I've done more than my share of threaded discussion, and I'm enjoying the reprieve from it that I'm getting with these more indirect modes of blogging and instant outlining. Nevertheless, I can't help but imagine a group outline for the kinds of discussions that should be directly interactive, and should yield a central and canonical transcript.
Think of a newsgroup-style outline that nobody (or else maybe only a moderator) can reorganize, where everybody can contribute new nodes and edit their own nodes, but where nobody can edit other peoples' nodes.
Result: a brainstorming environment that centralizes communication in those cases where you want it centralized. Parts can be taken out, massaged/rearranged/edited, and put back in as new or revised commentary.

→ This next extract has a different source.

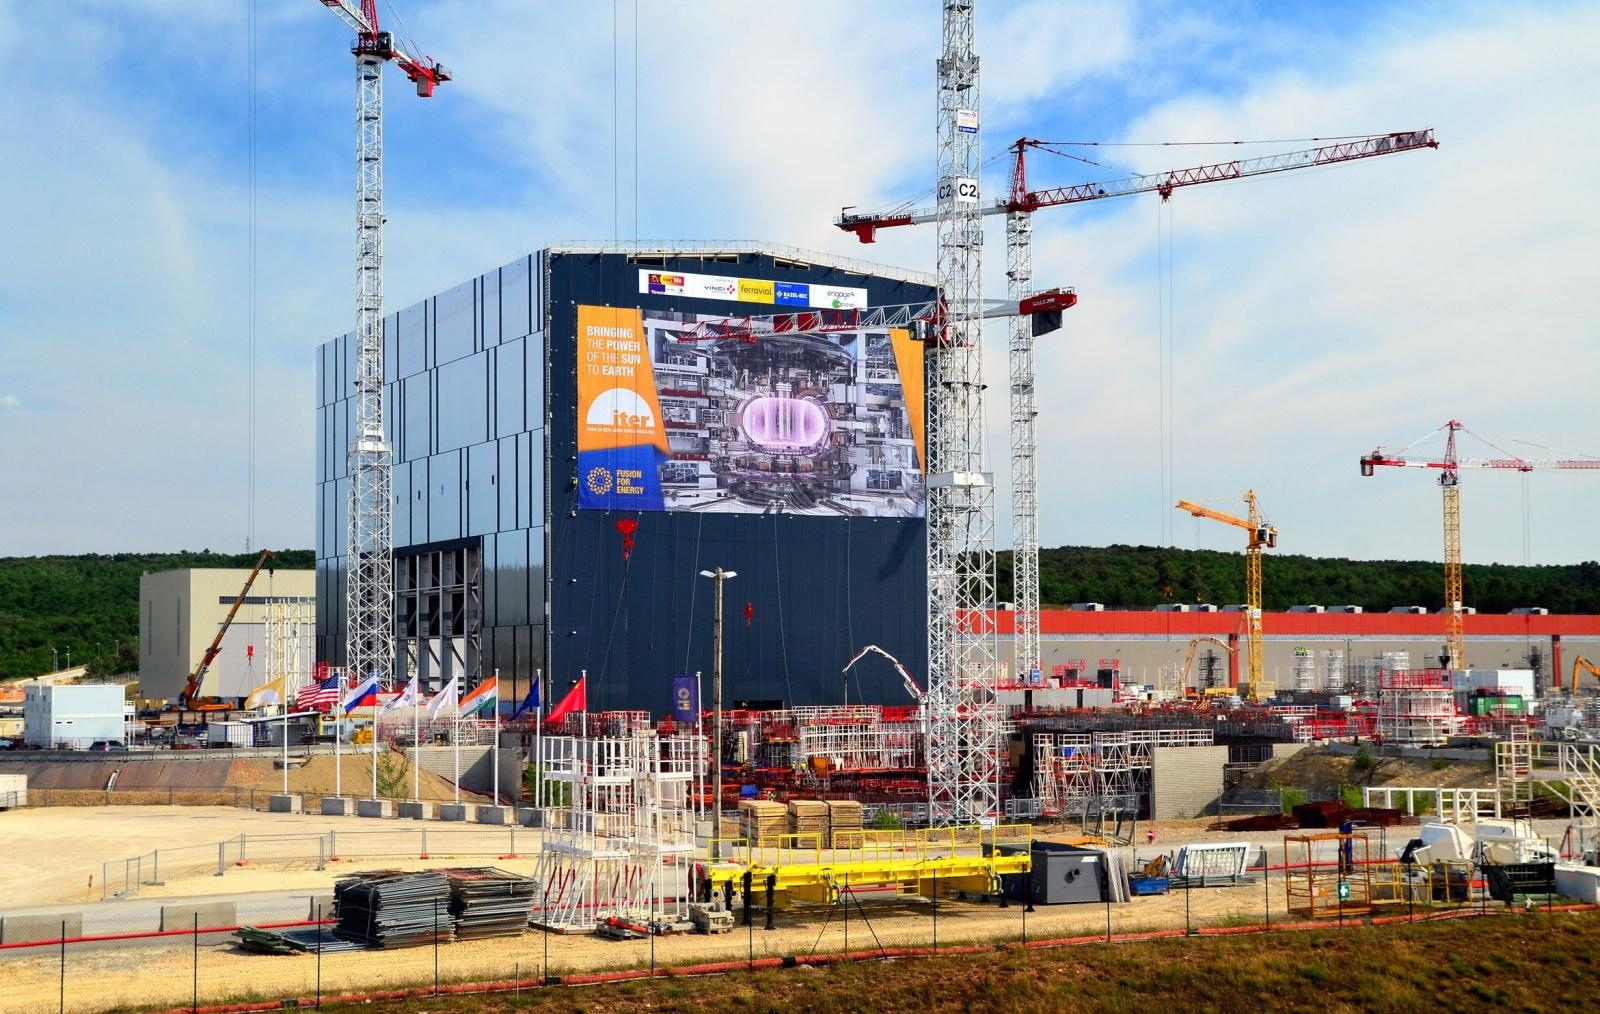 Строительство ИТЭР опережает график. Первая плазма запланирована на 2025 год - 6

This would not be a substitute for the narrate-your-work metaphor, which I completely understand and have advocated often. Rather, it's complementary to that style. Sometimes meeting transcripts really do need to appear all in one place, for the convenience of current and future participants. Outlines can preserve context much better than email, because they retain state and because they can transclude. But the collective state of a set of individual outlines is not anywhere visible. In general, it can't be and shouldn't be. The model of many individual spaces, messages sent to these spaces, and people subscribed to the spaces, is really powerful and important. Sometimes, though, there's still a need for spaces that are explicitly group, not individual, in nature.
Group blogs exist already. Group outlines doubtless will emerge too. The human protocols are pretty well understood, but interactive outline editing will bring new challenges and opportunities.